Should Data Scientists Learn Web Scraping?
More and more information is becoming available on the web with each passing second, but most of this data is only accessible using a web browser. Imagine the potential applications of all this data if it were structured and in a ready to analyze form. Businesses could get their hands on compelling insights and many new avenues of data-driven growth strategies could be unlocked with it.
That’s exactly what web scraping is – a tool for turning the unstructured data on the web into machine readable, structured data which is ready for analysis. There are many different approaches to getting data from the web such as writing a custom crawler from scratch, web crawler tools and ‘Data as a Service’ model companies. While there are dedicated services catering to the web data requirement of businesses, web scraping as a skill is gaining popularity too. Data scientist is a role that’s most likely to get some value addition with web scraping in the skill set.

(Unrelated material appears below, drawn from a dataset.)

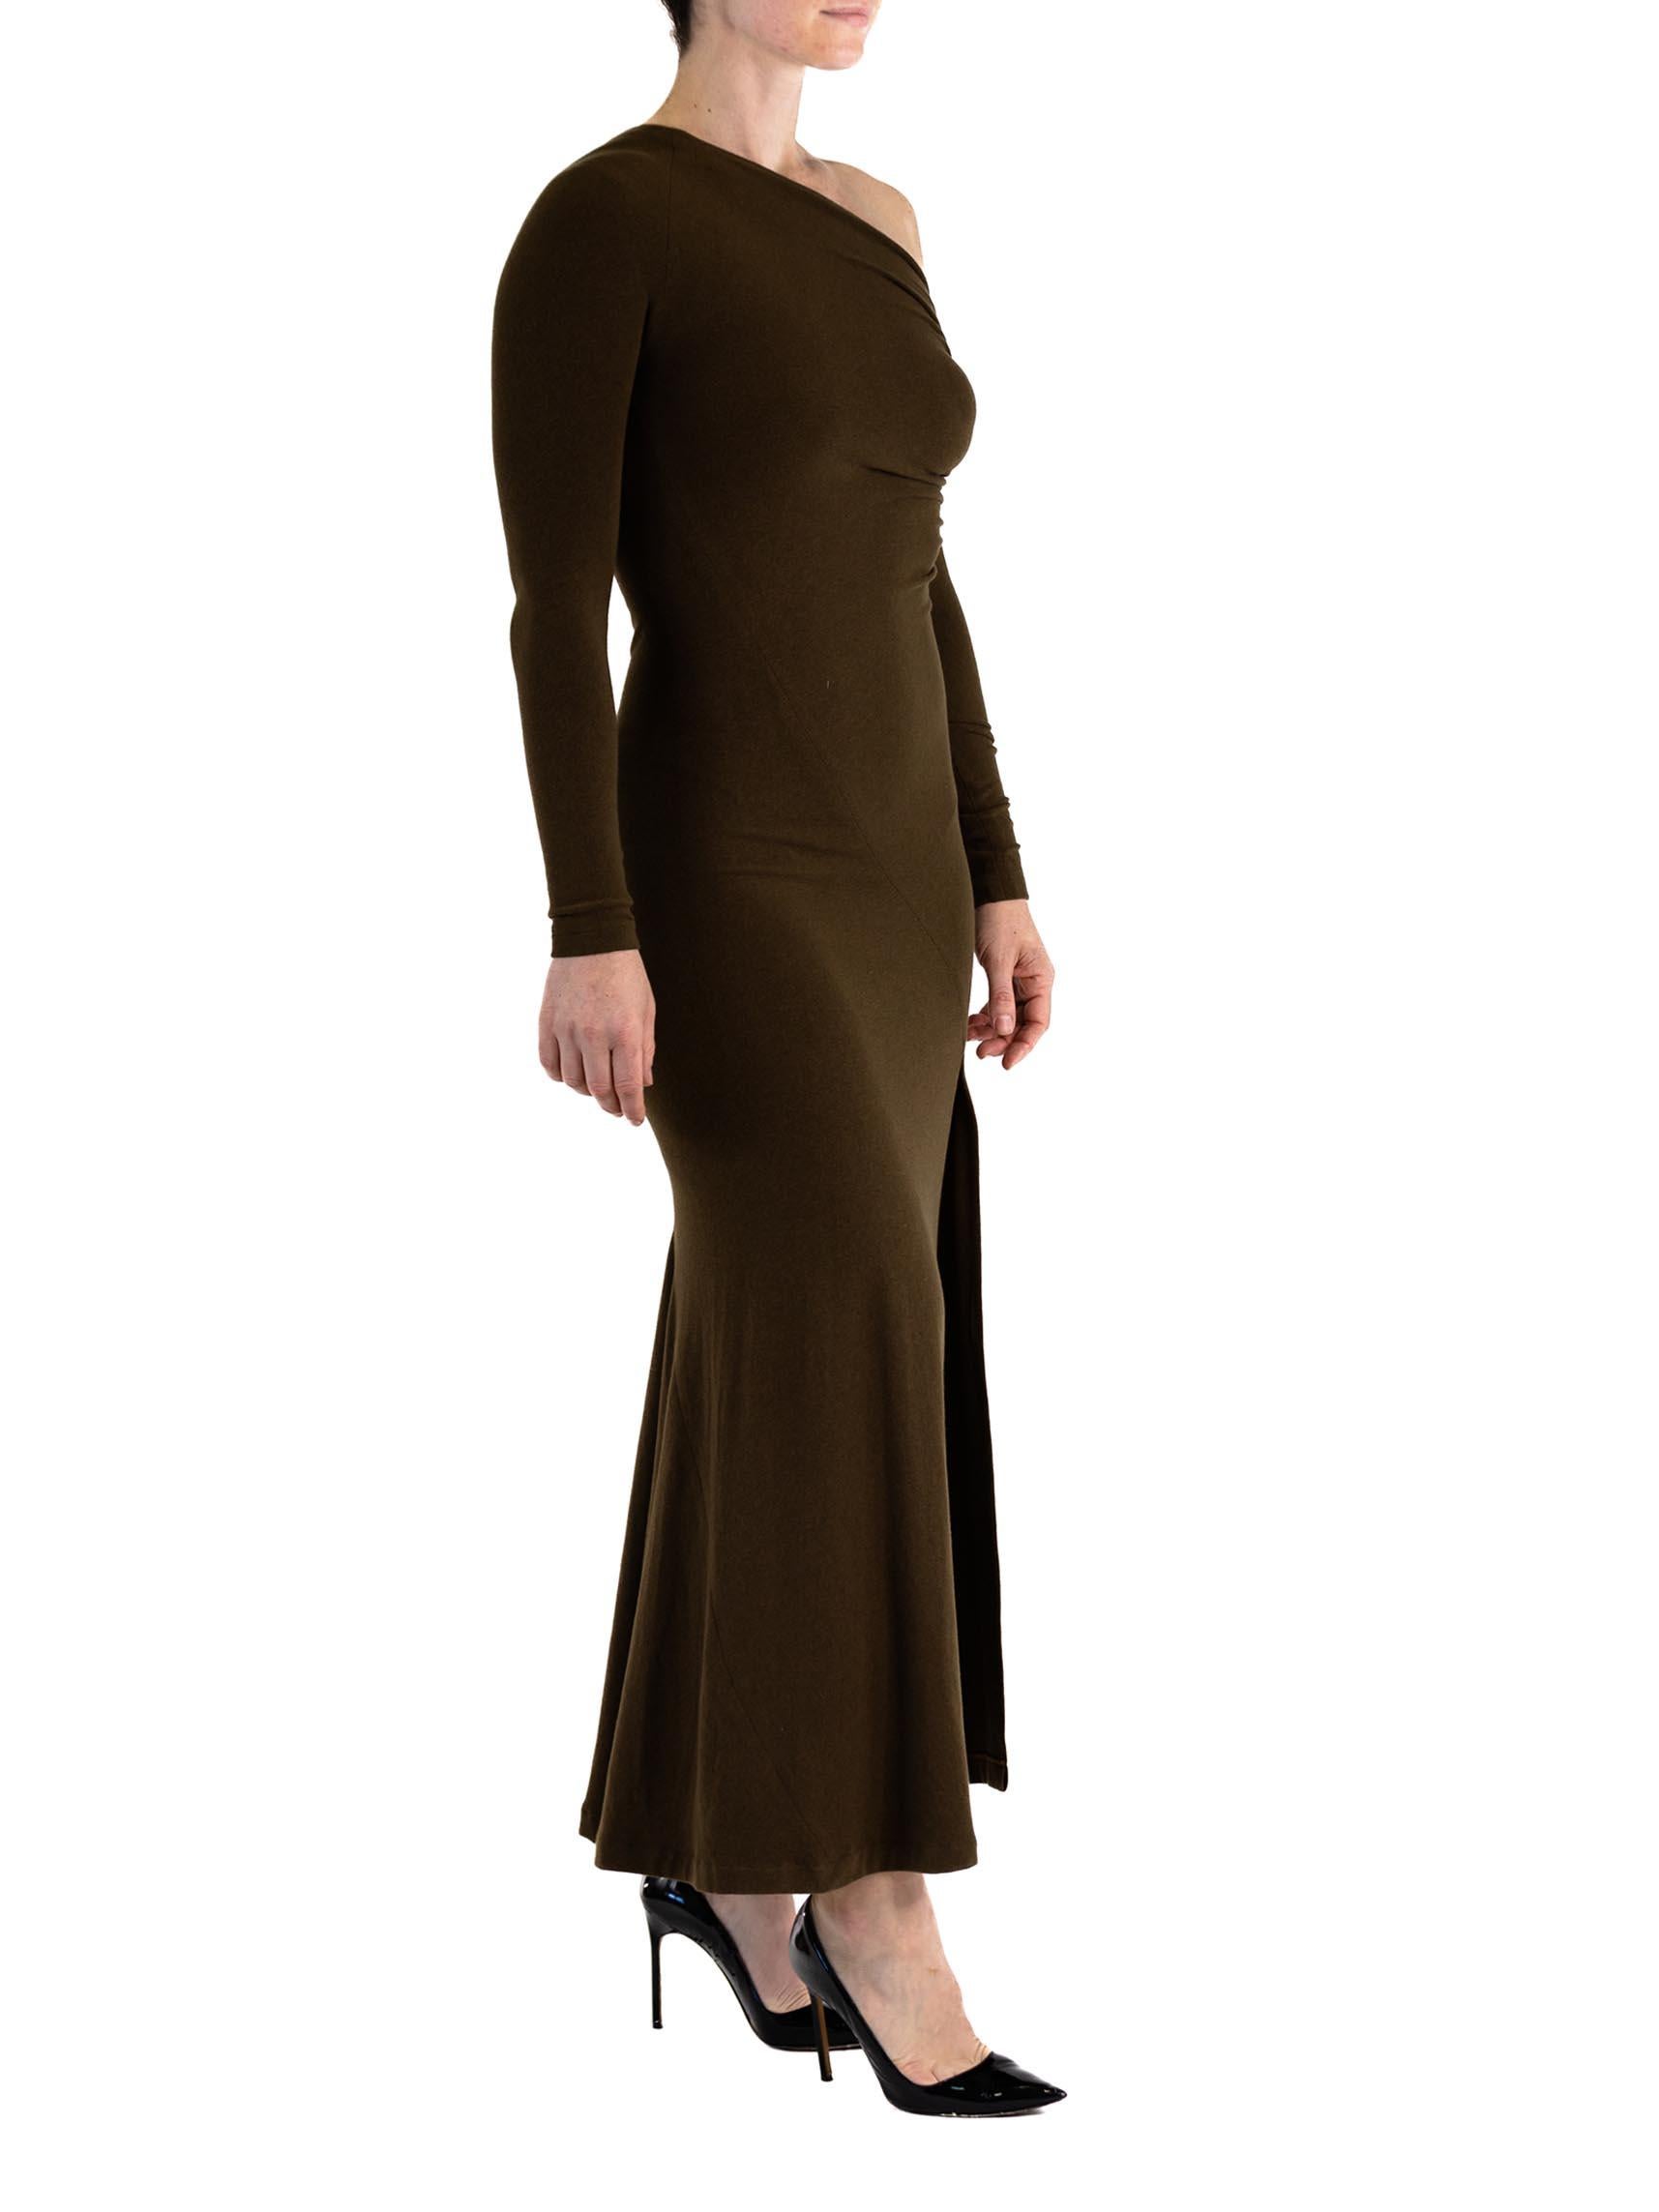 1990S DONNA KARAN Brown Rayon Blend Jersey Assymtetrical Neckline Ruched Gown W In Excellent Condition For Sale In New York, NY

However, there is a clear distinction between an enterprise-grade web scraping service and learning to scrape a simple HTML page from the web. We’ll get into this later, let’s now see if data scientists should actually pursue web scraping as a skill.
The evolution of data scientist
Data scientist is one of the most in-demand jobs in the technology industry right now. This demand is expected to increase further as more companies realize the value of big data as a business intelligence tool. Big data is helping businesses get insights about customer preferences, predict future industry trends and is enabling them to track their competitors’ activity in real time. As the person responsible for turning data into insights, the role of a data scientist is no more obscure and has gained mainstream popularity over the last few years.
The term ‘data scientist’ was coined by Jeff Hammerbacher and DJ Patil in 2008 in Silicon Valley. Ever since its inception, the skill sets and responsibilities associated with this role has been evolving, owing to the fresh challenges that keep coming up. Data is now growing both in volume and variety, contributing to the addition of complexities.
This scenario demands more from the role of data scientist such as the ability to deploy unconventional techniques to extract, mine and analyze data sets with a creative appetite.
Although there were no specialized courses for data scientists when the term first made it to the job postings, there are dedicated training programs and courses for data scientists now.
The data scientist’s skill-set
As with the challenges in big data, the skill sets of data scientists have been evolving too. Here are the key skills anyone pursuing data science as a career path should possess.
- Machine learning
- Multivariable Calculus and Linear Algebra
- Data munging
- Data Visualization and communication
Web being the biggest and ever-growing source of big data, there’s no doubt about web scraping being a great addition to your skill set as a data scientist. Having this unique skill would also help you stand out when on the lookout for a job.
Web scraping as a skill
When it comes to basic web scraping, you don’t really need to learn programming and reinvent the wheel, thanks to the nifty DIY tools out there. There are web scraping tools that are available as hosted solutions, desktop clients and browser extensions.
As a data scientist, you will be working around data a lot and the know-how of web scraping will prove to be invaluable in many occasions. Let’s say you’re looking to export a Wikipedia table to a CSV file for quick reference, learning how to scrape a webpage using Google docs might help you.
If you like to do things from scratch, learning programming can help you perform web scraping without the help of tools. You can check out our recent post on the best programming languages for web scraping to get started. An in-house crawler setup that you would build on your own can be useful in scraping small volumes of data from relatively simple websites. It will however not be adequate for recurring crawls that involve large-scale extraction. Since that would need a robust infrastructure, continuous maintenance and monitoring, it’s always better to outsource the web scraping project to a dedicated service provider.
Data scientists can think of web scraping as a welcome addition to their skill set if they want to be dynamic and take on more cross functional roles to help grow the business using data-driven decisions. The technical know-how of web scraping is not meant to replace the analytical skills that a data scientist should possess, but rather complement them. Those candidates who can draw on a wide range of skills surrounding big data will be an asset to the team and would land better opportunities. Web scraping is one of those relatively simple skills that will put you light years ahead of the competition.